During the season-opening 25–20 road loss to the Titans, Lechler recorded seven punts for 353 net yards for a 50.43 average. During a Week 5 24–21 road loss to the Chicago Bears, he punted thrice for 166 yards for a season-high 55.33 average. In the regular-season finale against the Chargers, he had a season-high nine punts for a season-high 424 yards for a 47.11 average as during the 21–14 road loss. Lechler recorded a 73-yard punt, which was the longest by any punter in the NFL for the 2003 season.

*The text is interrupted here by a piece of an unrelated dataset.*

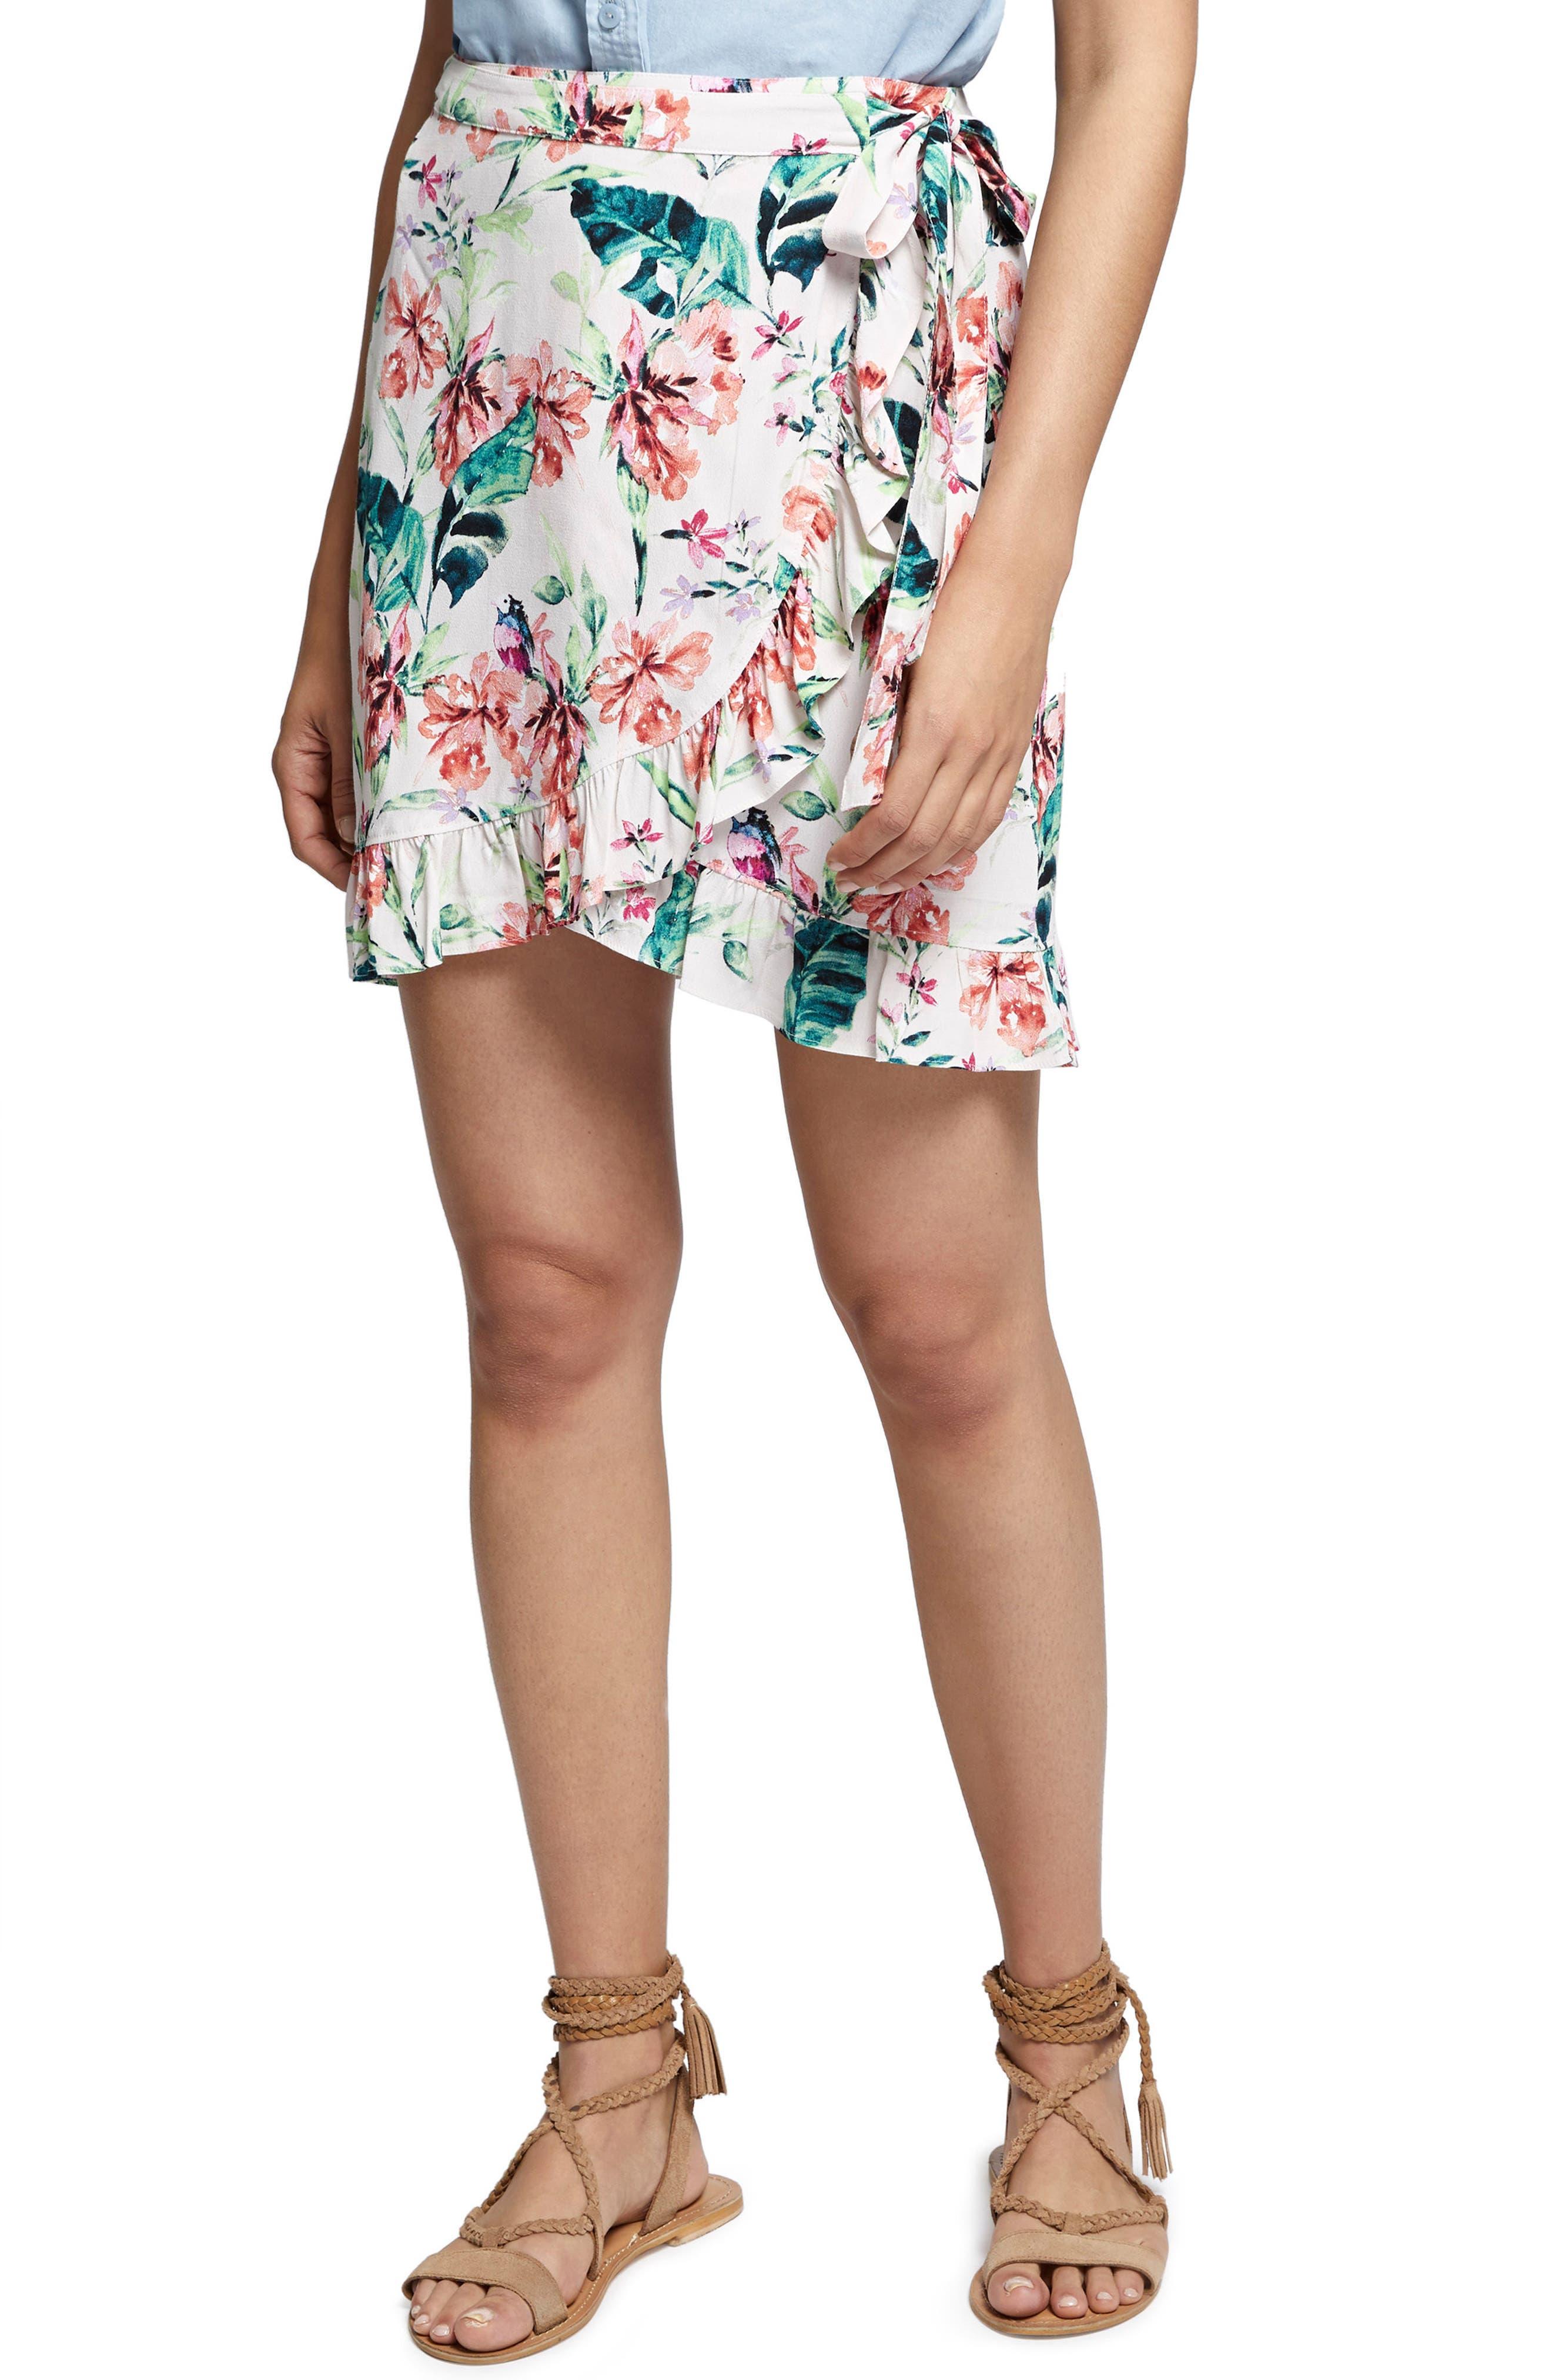 Tropicana Side Tie Ruffle Skirt,                             Main thumbnail 1, color,                             956

Lechler finished the 2003 season with 96 punts for 4,503 yards for a 46.91 average as the Raiders finished the season with a 4–12 record. He was named as a First Team All-Pro for the second time.

====2004====

Lechler started his fifth professional season in the season-opening 24–21 road loss to the Pittsburgh Steelers, punting thrice for 132 yards and a 44 average. During a Week 6 31–3 loss to the Broncos, Lechler had a season-high seven punts for a season-high 333 yards for a 47.57 average. Three weeks later against the Carolina Panthers, he punted thrice for 167 yards for a season-high 55.67 average in the 27–24 road victory.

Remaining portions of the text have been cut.